• Lugongo Maurice Wafula University of Nairobi
  • Dr. Sifunjo E Kisaka University of Nairobi



Price clustering, stock volatility, securities exchange


Purpose: The purpose of this study was to empirically investigate price clustering phenomenon on the Nairobi Securities Exchange for the period 2009 to 2013.

Materials and methods: The study used secondary sources of data obtained from the Nairobi Securities exchange. The study revealed that there has been a preference by investors for stock whose prices end with the digit 5 and this accounted for 67.88 percent of all the stocks examined and was followed by stocks whose prices ended with the digit 0 which accounted for 4.55 percent. In order to establish the determinants of this observed behavior a multivariate regression model used by Harris (1991) was adopted where price clustering was regressed against stock volatility, number of trades, market capitalization, and own stock price.
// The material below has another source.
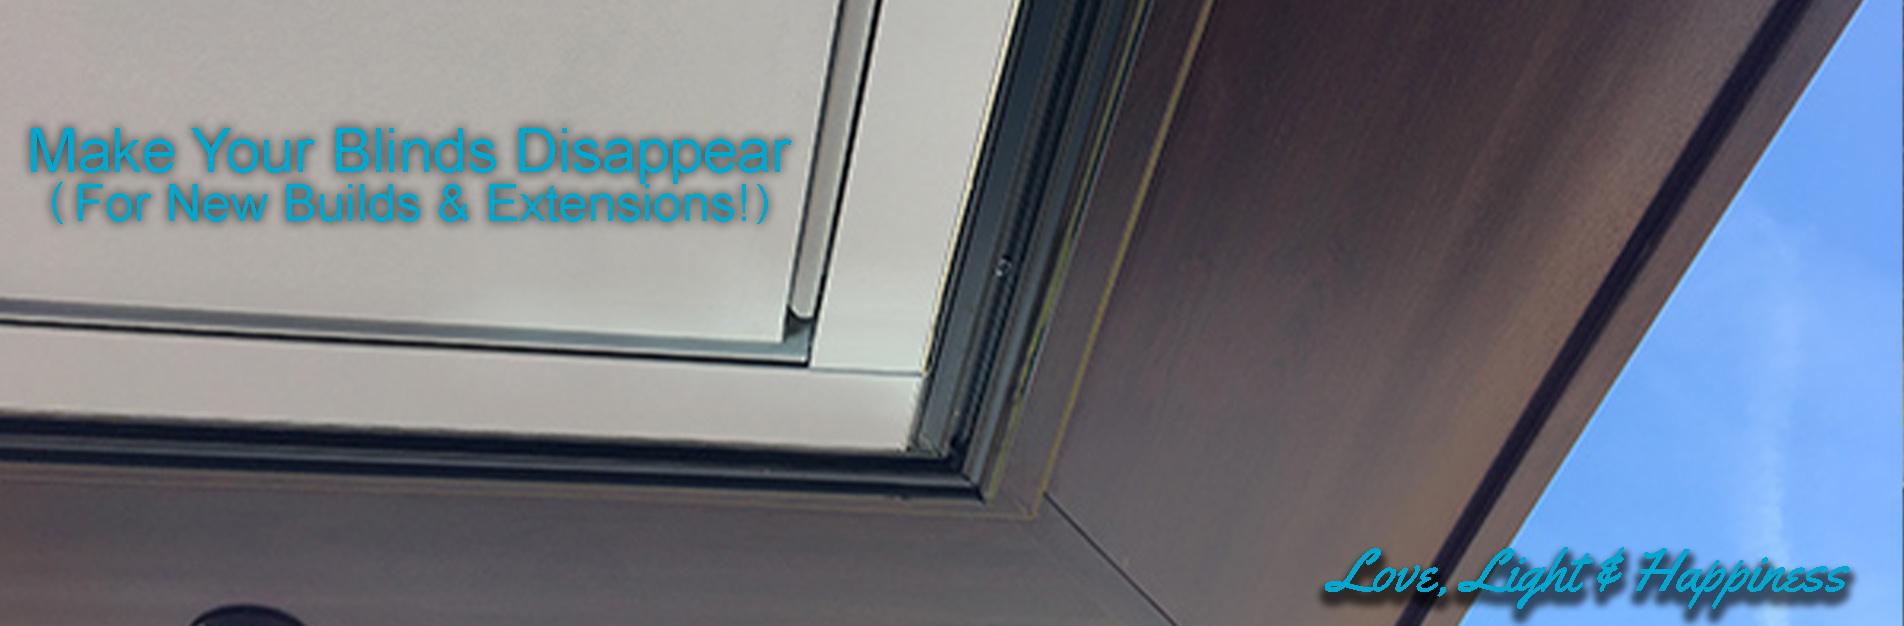 3-Panel bi-fold door blinds confugrations
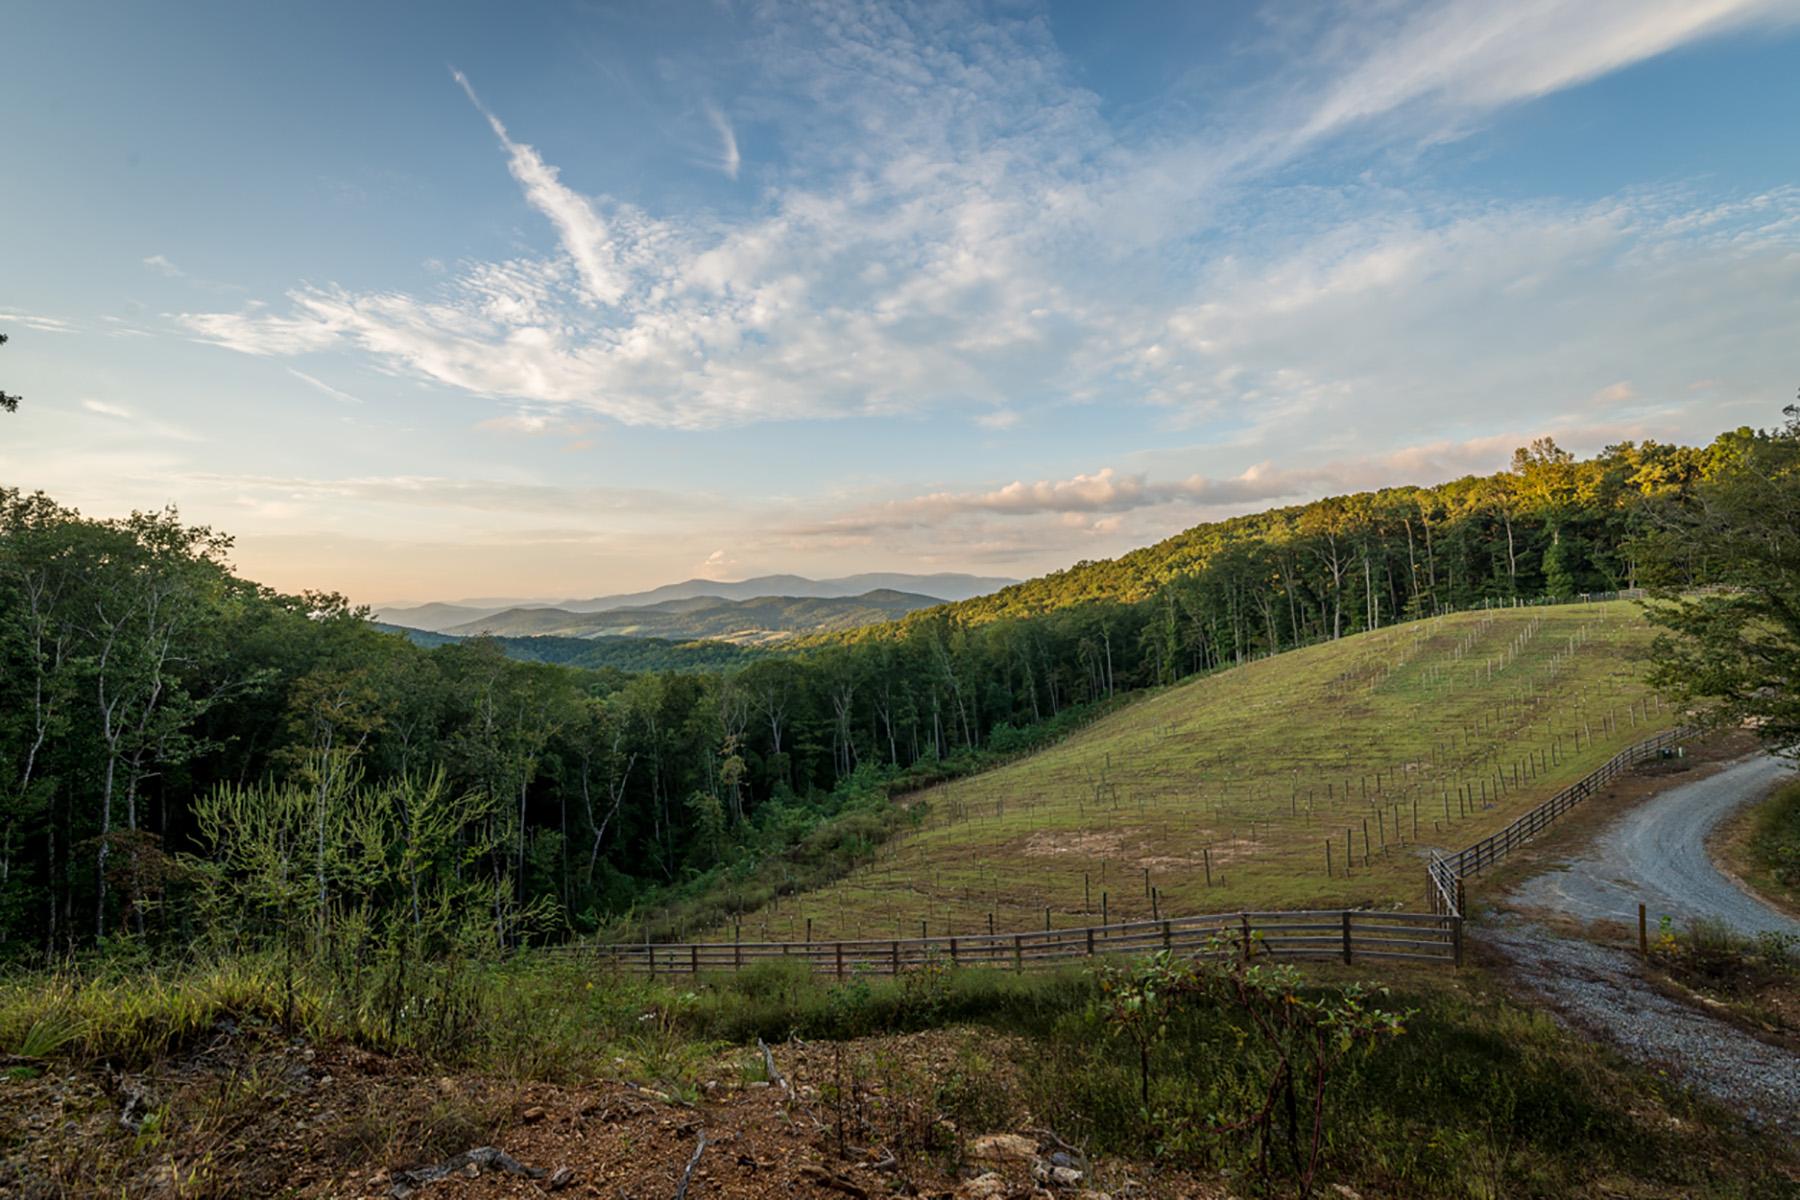 Οικόπεδο για την Πώληση στο Hard to Find 11 Acre Private Home Site With Vineyard Already Planted! 11 Old Burnt Mountain Ellijay, Γεωργια 30560 Ηνωμενεσ Πολιτειεσ

Results: The regression results indicated that the number of trades as well as Market Capitalization was positive and significantly related to price clustering. The study also found the stock price to be negative and significantly related to price clustering. On the other hand, Stock volatility was established to be an insignificant predictor of price clustering. The multivariate regression model was found to be significant in explaining the observed relationship and that 15.4 percent of the variance in price clustering was explained by number of trades, stock volatility, own stock price and the market capitalization. The study finds that there is a tendency of prices to cluster around certain numbers as evidenced by the 67.88 percent of numbers clustering around the number 5 and that price clustering is positively related to number of trades

Recommendations: It is thus recommended that if firms are to increase the number of trades of their shares they should consider pricing their shares according to the preferences of investors who prefer shares or stocks whose prices ends with 5 or 0.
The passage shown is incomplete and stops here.